Yesterday in the early evening I was in bed for a fatigue-induced quasi-nap. Not sleeping, just lying there feeling drained for a while. That still occurs from time to time. I wouldn’t be surprised if the date was making some psychological impact. I had also spoken with a dear friend who is hospitalized and about whom I had been very concerned for a couple of weeks.
Among the information I gave him were patient advocate resources: the ADVOConnection Directory and Patient Advocate Foundation.
My friend does not have cancer, though he deals with a chronic, degenerative illness. He asked, “How did you learn about these?”
I had learned about those sites through a breast cancer social media (#bcsm) chat, part of the educational odyssey I’ve been on this past year. One fellow caregiver has said that we are PhDs in our carees, and caregiving has given me one info-packed layer of learning. Being a patient and researching my own illness has made me something of a postdoc.
One year out, there are days unremarkable for their ordinariness. I live my life much the way I always have – a bit slower, a bit more health-conscious in general. But I also get Twilight Zone moments, as in, “How could I have possibly had cancer? That’s just weird.” I may as well have been abducted by aliens and held hostage on a UFO parked in orbit around Gliese 163c (or any other exoplanet) for nine months. Suddenly I’m back on Earth, back among the familiar and mundane, but with evidence that strange things have been done to me, and because of that I am irrevocably changed.
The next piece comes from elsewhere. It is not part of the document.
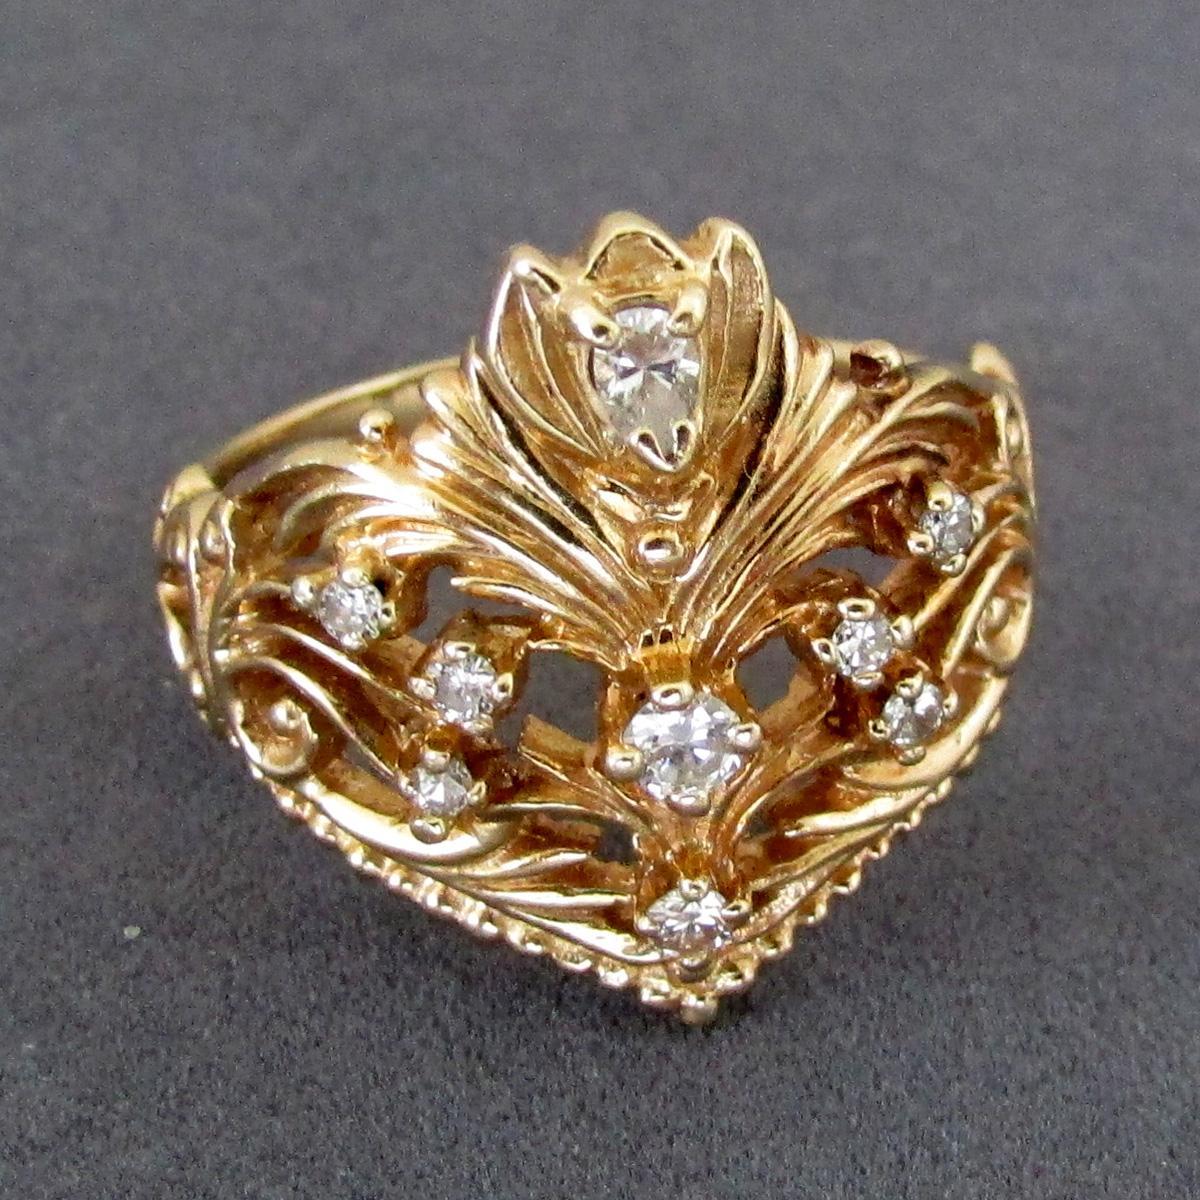 Faberge Diamond Tiara Ring

I have boldly gone where – well, where many have gone before. But still.
On other days I am Certified Cancer Patient (TM), profoundly aware of what I’ve experienced and wearing this latest in my collection of identity hats. Going from “alien abductee” to CCP and back again can happen lightning fast. It’s like whiplash.
As part of my more mundane existence, I have finally had my inaugural colonoscopy and have passed it with flying colors – well, one color at least. As I posted on Facebook, I could write erotica about the experience and title it, “Fifty Shades of Brown.”
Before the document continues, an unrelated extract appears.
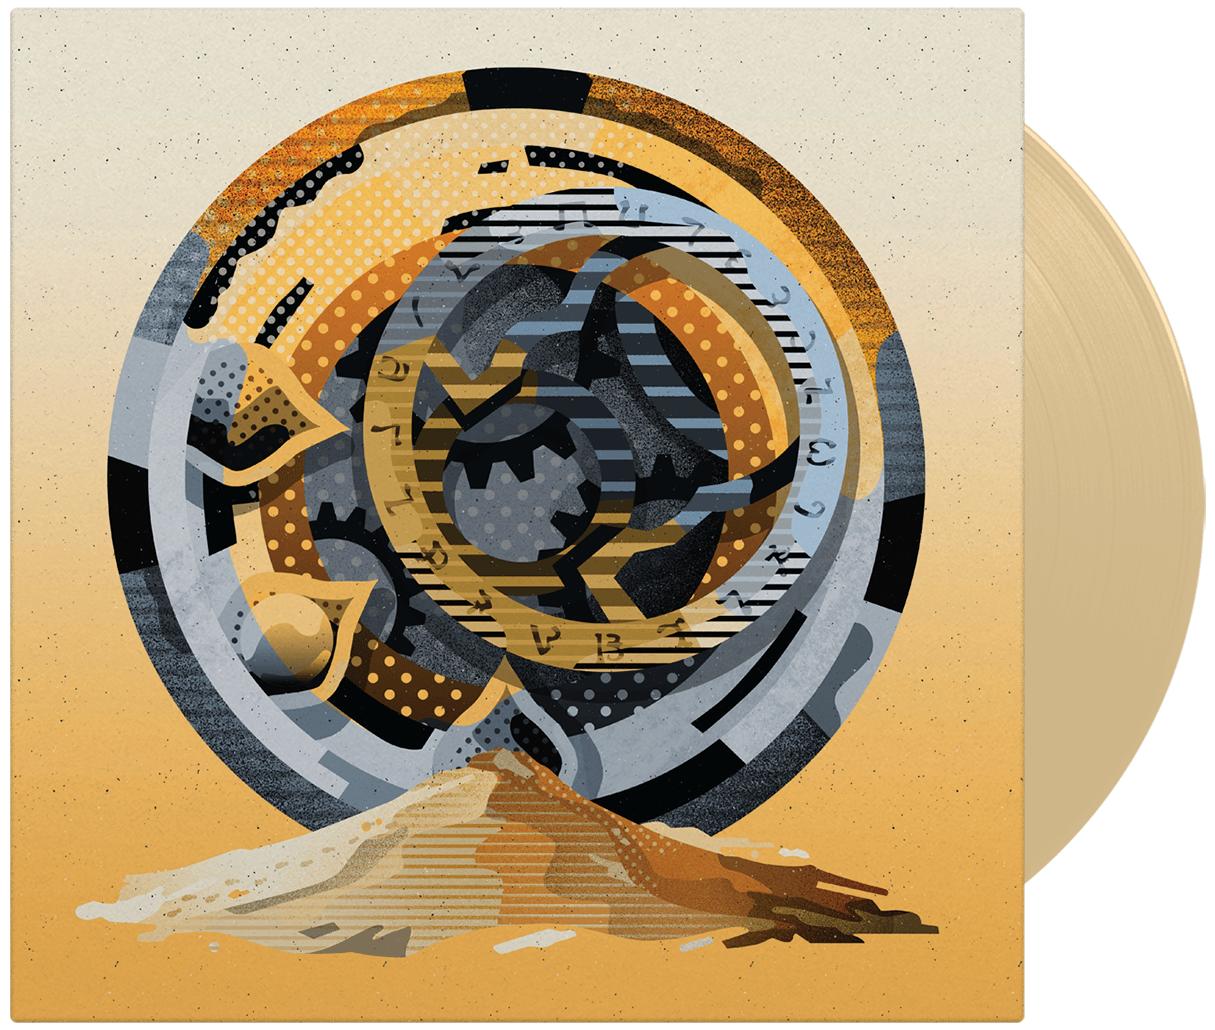 【Uncharted(アンチャーテッド)】ネイザン・ドレイク・コレクション - 画像4
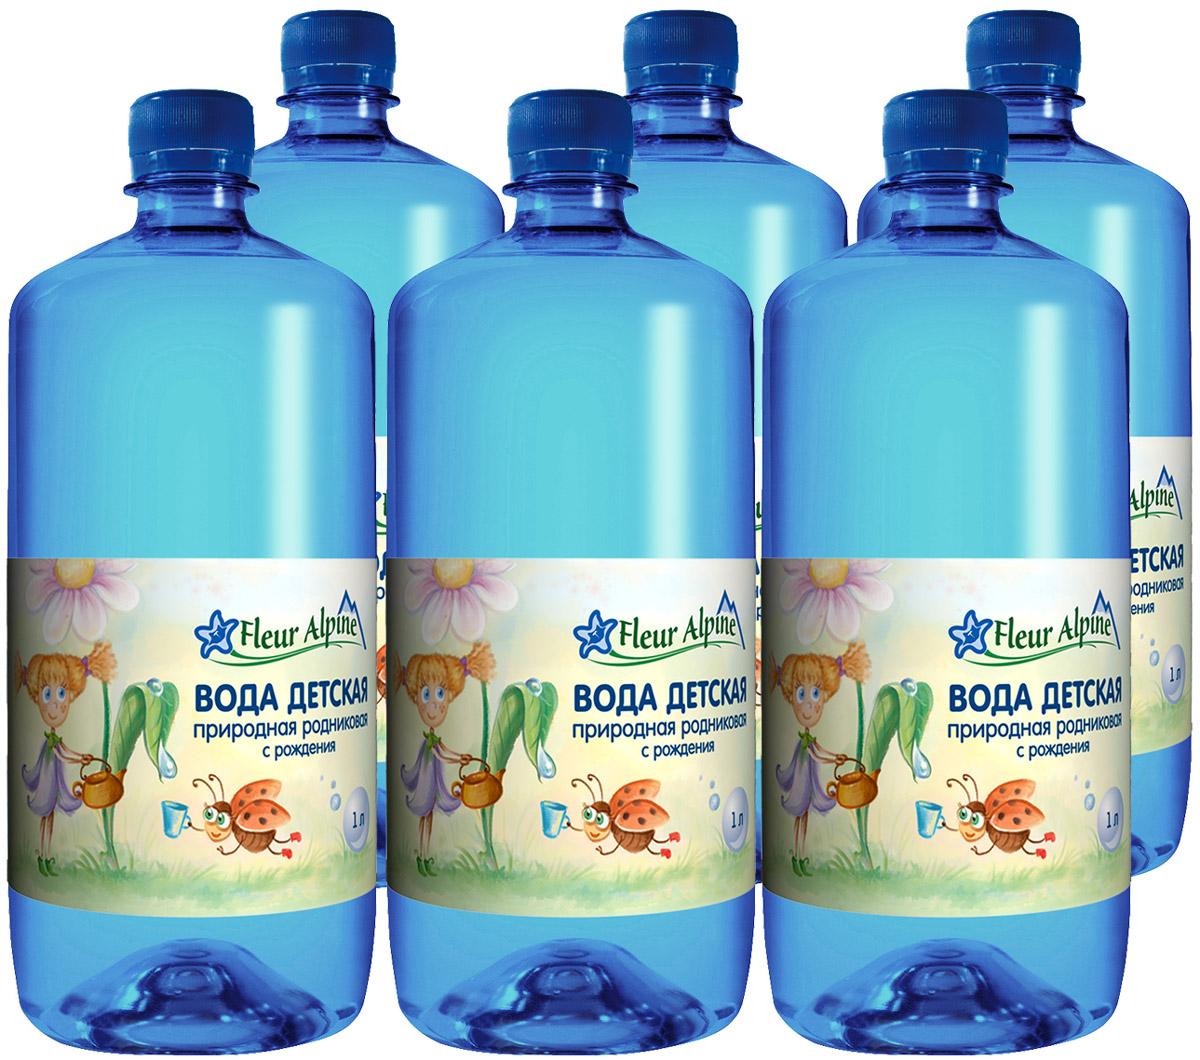 Fleur Alpine Вода детская питьевая с рождения, 6 шт по 1 л fleur alpine organic вода детская питьевая с рождения 0 25 л

I had been concerned due to my extensive abdominal surgery back in 1966. My breast surgeon (who also performed the colonoscopy, making him my T and A specialist) told me that I was “a little twisty” in there, but nothing had posed a problem. I did, however, need extra anesthesia, and my legs had been moving about during the procedure.
But that is done now, and I don’t need another one for ten years, knock on wood. Saline solution and anesthesia had been delivered via my chemo port.
(Two nights after the procedure I dreamt that I again went for a colonoscopy, only this time it was in a non-sterile space – a shop front, really – beneath a subway el. The setting was monochromatic and had a sooty look to it. This “clinic” was staffed by two women, a doctor and a nurse.
As I lay on my side on a gurney, I remembered and blurted out that I hadn’t done any of the prep, and that I had already had a colonoscopy. The doctor assured me that this didn’t matter, and that I had already made an appointment for this colonoscopy. She proceeded to perform it without anesthesia.
I watched shadowy figures on a monitor above her and had no idea what I was seeing. Whatever the scope was showing, it looked like a vague ultrasound.
I “passed” the dream-colonoscopy, too. The doctor told me to return in 4-1/2 years. I argued back that I didn’t have to return for ten years. She countered that I “had an appointment.”)
My next real appointment is with my “T and A man” next week.
The second meeting of my Creativity Heals group was a smorgasbord of fabulous work that included knitting, crocheting, fabric arts, scrapbooking, photography, writing, and painting both digital and non. I’ll post photos once I get permission. The optional prompt for the meeting was “Sunshine.” Here’s my response:
Full size. The egret is a tracing from the photo I took here.
This article and
tell more about the group. The prompt for our March meeting is “Home.”My TinkerLab TinkerSketch Sketchbook Challenge doodles continue –now for March. Back in February, for the prompt “Upside Down”:
Full size. I traced the sand castle from an image I took off the Web.
For the prompt “Fluffy”:
More art pieces from the challenge are here.
GypsyWynd ⋅ March 05, 2015
No matter how many have gone before, your journey was unique.